TABLE 1. List of primer sequences used for qRT-PCR for C. jejuni RC039 and C. coli RC013 genes associated with virulence.
In vivo Infection Assay
Twenty male chicken broilers (Ross 308) were housed in isolation units on wood shaving bedding. The temperature in the isolation unit was kept between 22 and 25°C and thermostatically controlled. Broilers were fed ad libitum with a standard diet as described in Table 2. C. jejuni RC039 and C. coli RC013 were grown as described above and suspended in sterile distilled water at a concentration of 1 × 107 CFU/ml. At the age of 15 days, 10 broilers were inoculated with 0.1 ml of C. jejuni RC039 and the other 10 broilers with 0.1 ml C. coli RC013. The infected broilers were kept in separated and sterile isolation units. Five chickens from each infected group received for 3 days, ad libitum, water containing 0.5% Auranta 3001 with the remaining ones receiving water only. After 3 days of treatment, broilers were euthanized, and Campylobacter was enumerated by analyzing the cecum content. All broilers were confirmed as being Campylobacter free at the time of infection, using cloacal swabs. These experiments were performed in triplicate on three separate occasions. The experiments were performed according to the legislation in place (Law 471/2002 and government ordinance 437/2002) and under the supervision of National Sanitary Veterinary Agency. The ethics committee of Banat University of Agricultural Sciences and Veterinary Medicine – King Michael I of Romania, approved this work
Transepithelial Resistance of Cellular Tight Junctions (TEER)
Transepithelial resistance measures the integrity of cellular tight junctions and is a suitable method to be used in cell culture monolayers for the purpose of measuring the effect of bacteria during infection in vitro (Srinivasan et al., 2015). This methodology measures the electrical resistance, in ohms, as a measure of cellular barrier integrity. For the purpose of TEER measurement, the HCT-8 cells were grown on 0.4 μm and 12 mm pore size transwell inserts (Corning) and selected based on the formation of a confluent monolayer. Our aim was to investigate the effect of Auranta 3001 on the barrier properties of HCT-8 cells by taking TEER measurements at 3 h postinfection (±0.1 and 0.5% Auranta 3001) using an EVOM X meter connected to an Endohm chamber (World Precision Instruments).
All experiments were performed in triplicate and data presented as mean ± SEM. To measure the statistical significance of the infection assays and gene expressions results, we used two tailed Student’s t-test. A group difference was assumed to be statistically significant when P? < ?0.05. All results were expressed as means ± SD.

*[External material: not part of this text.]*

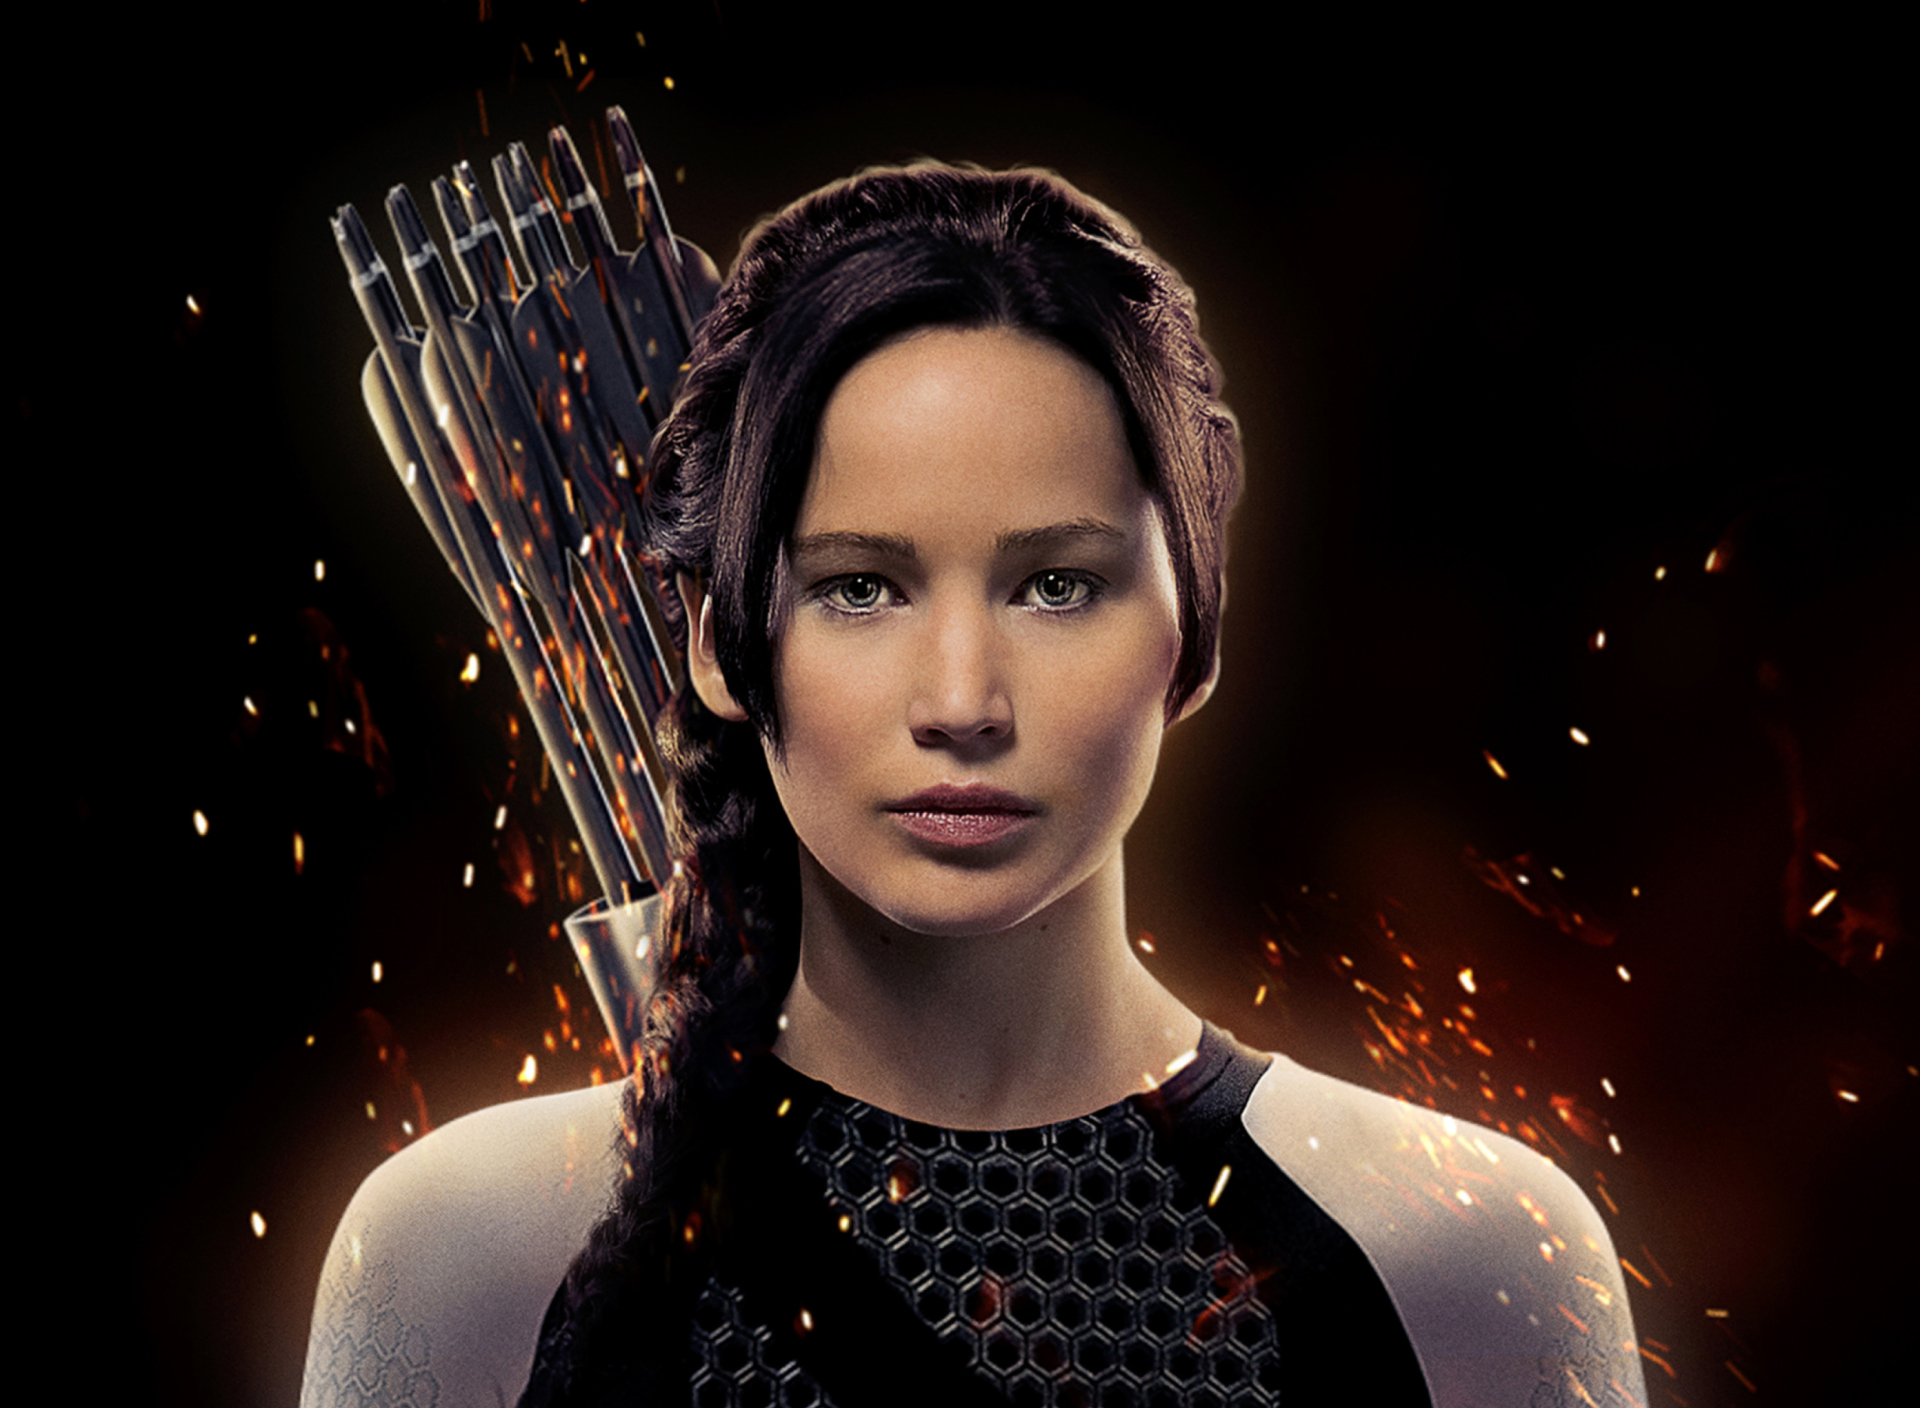 The Hunger Games: Catching Fire wallpaper 1920x1408

Identification of the Sub-Inhibitory Concentrations
In order to investigate if the antimicrobial agent has any effect in reducing pathogenicity, by attenuating bacterial virulence factors, we first had to identify the sub-inhibitory concentrations for both isolates (C. jejuni RC039 and C. coli RC013). Strong antimicrobial activities against both C. jejuni RC039 and C. coli RC013 were observed. The minimum inhibitory concentrations were 1% for C. jejuni RC039 and 2% for C. coli RC013, and minimum bactericidal concentrations were recorded at similar concentrations (Table 3). We have concluded that concentrations of 0.1 and 0.5% were most appropriate for our next investigations in order to avoid any antimicrobial killing or any effect on bacterial growth
TABLE 3. Minimum inhibitory concentration (MIC) and minimum bactericidal concentration (MBC) activity of the Auranta 3001.

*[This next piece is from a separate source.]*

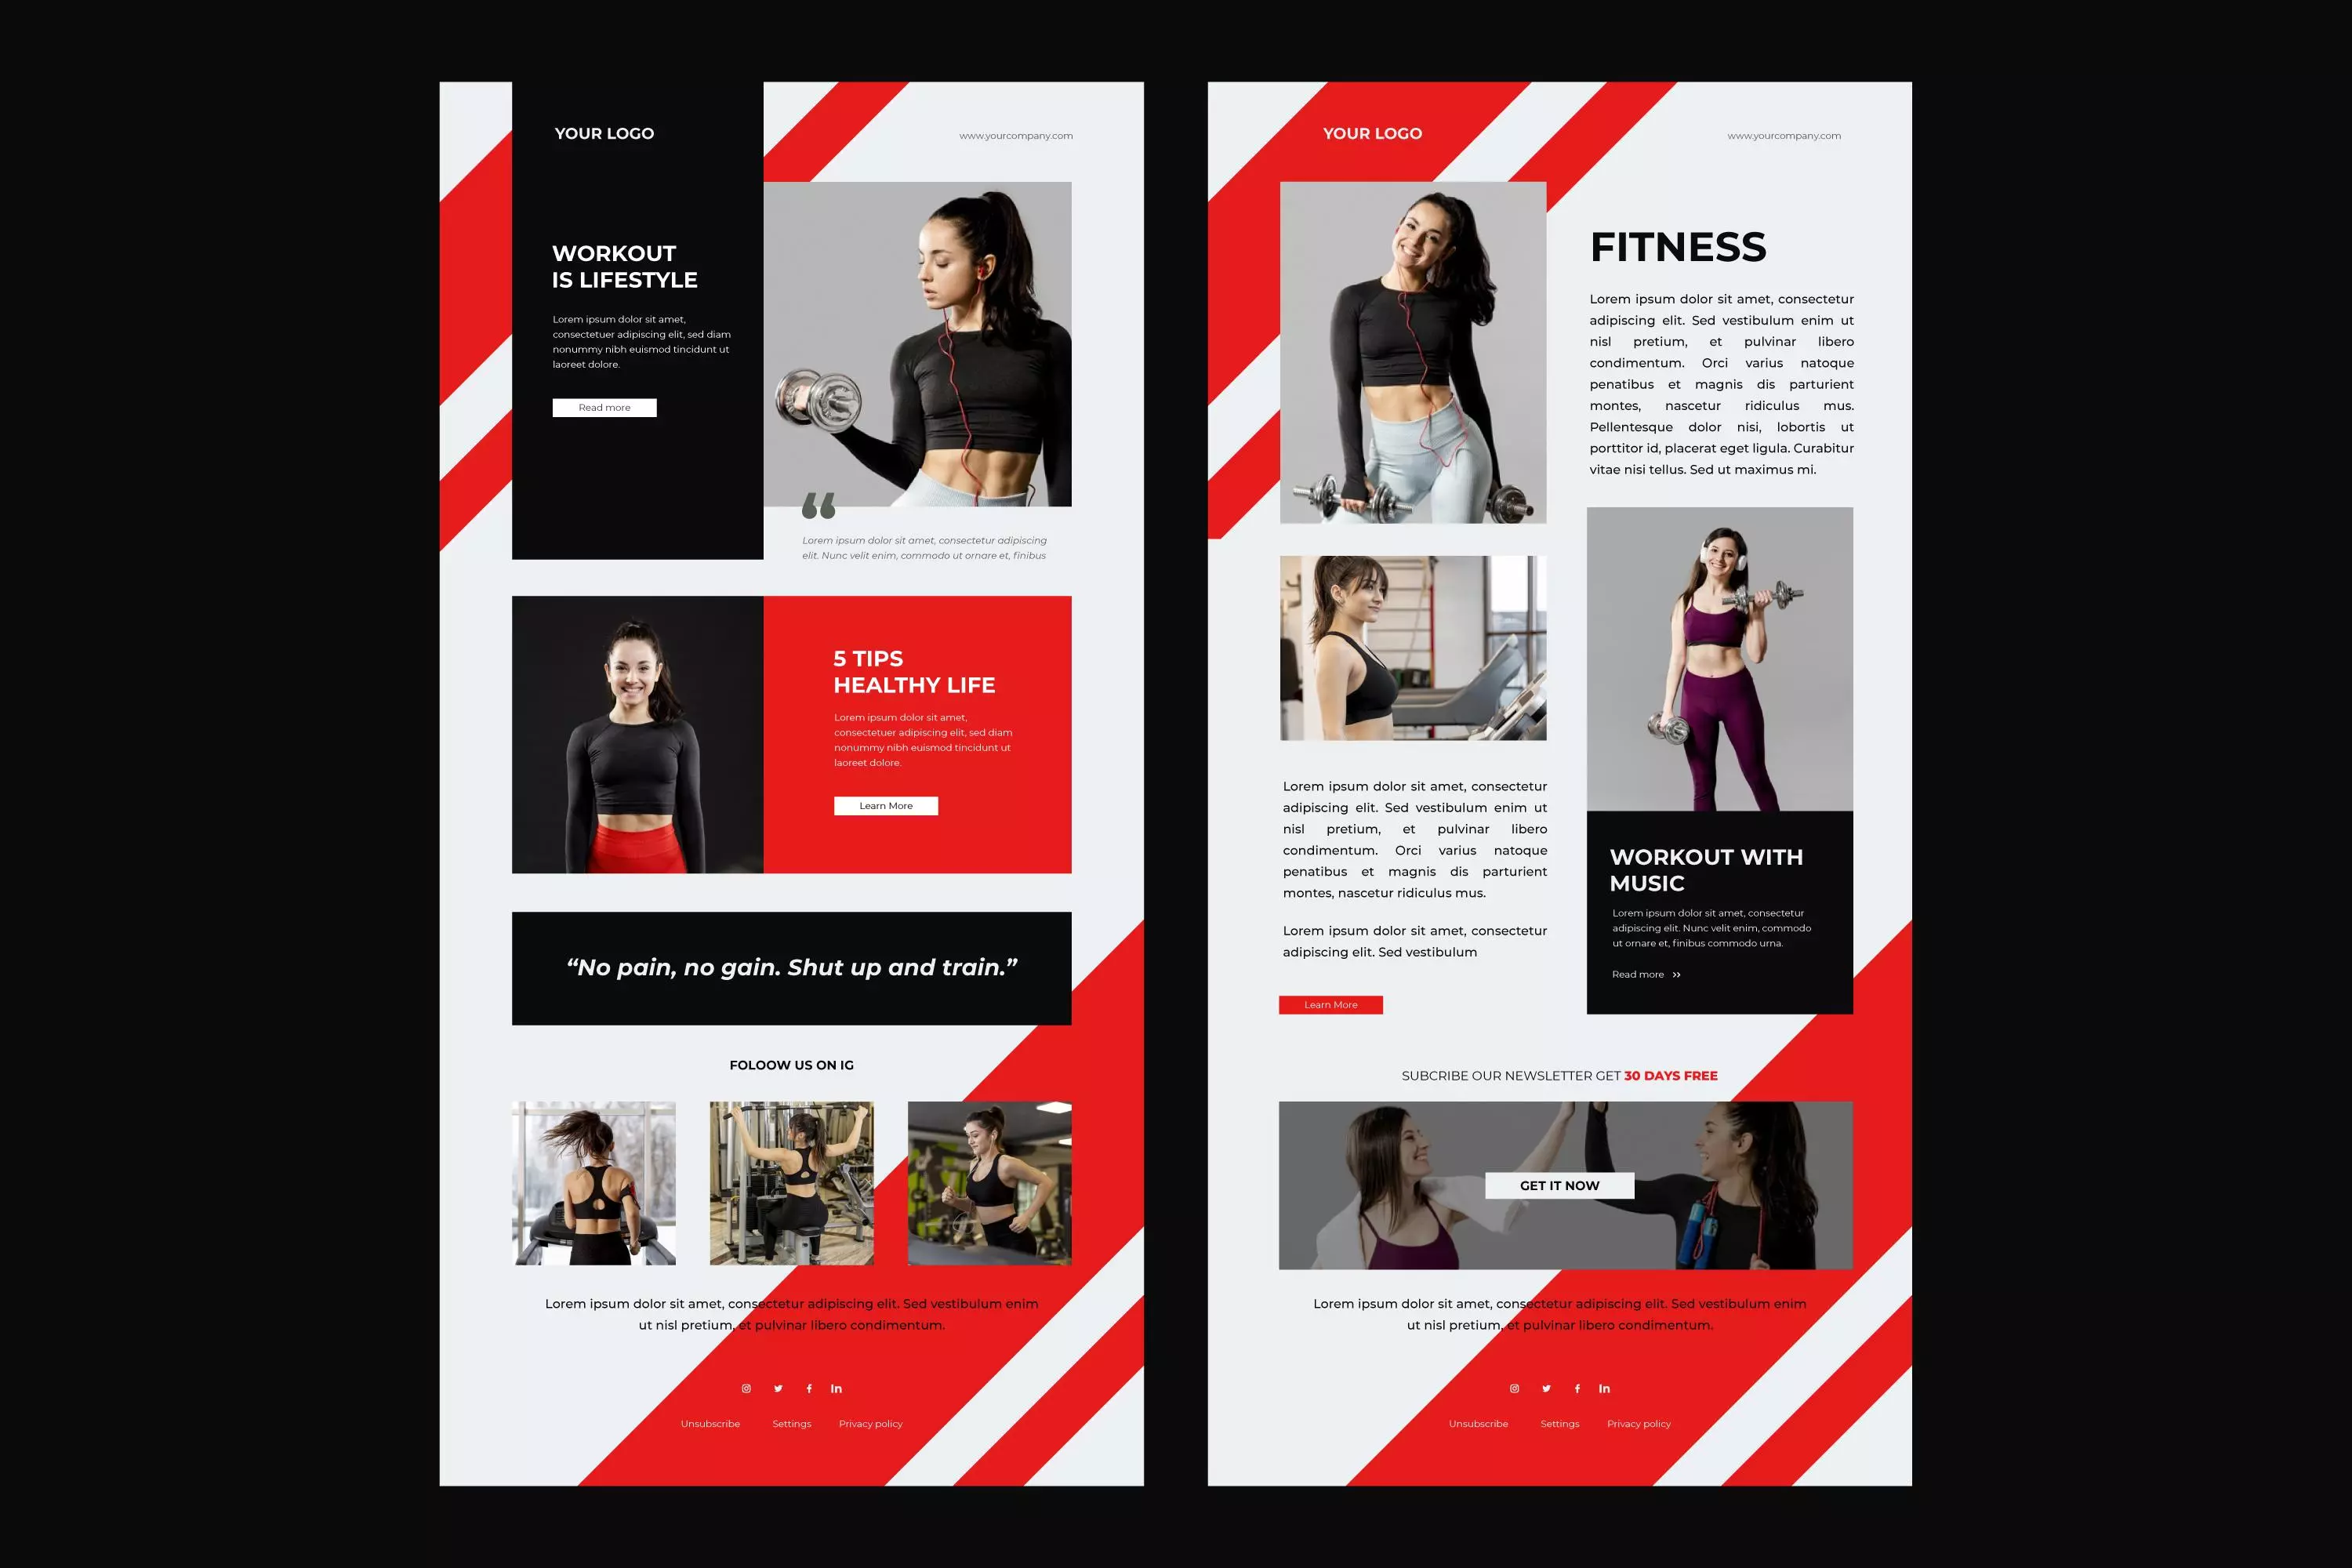 An email template for fitness bloggers

Auranta 3001 Reduces the Motility of C. jejuni RC039 and C. coli RC013
Having identified the sub-inhibitory concentrations, we have next studied the potential impact on virulence by the reduction of bacterial motility (Figure 1). Motility plate assays showed that both strains were highly motile but the pretreatment with 0.1 and 0.5% Auranta 3001 significantly reduced motility in a dose and time dependent manner. As reflected in Figures 1A,B, a concentration of 0.1% Auranta 3001 significantly reduced motility after only 2 h for both C. jejuni RC039 (p < 0.01) and C. coli RC013 (p < 0.05). A concentration of 0.5% Auranta 3001 reduced bacterial motility by more than 20% (p < 0.001) after 1, 2, and 3 h for C. jejuni RC039 (Figure 1A), and for C. coli RC013 (Figure 1B) when compared to the control. These results suggested that this antimicrobial can have a negative impact on the motility of C. jejuni and C. coli T6SS positive isolates.
FIGURE 1. The effect of Auranta 3001 on C. jejuni RC039 and C. coli RC013 motility. (A) shows the percentage decrease of C. jejuni RC039 motility and (B) of C. coli RC013 over control. Asterisks indicate significant differences (∗p < 0.05; ∗∗p < 0.01; ∗∗∗p < 0.001). Error bars represent the standard deviation of means from three different experiments, each containing triplicate samples.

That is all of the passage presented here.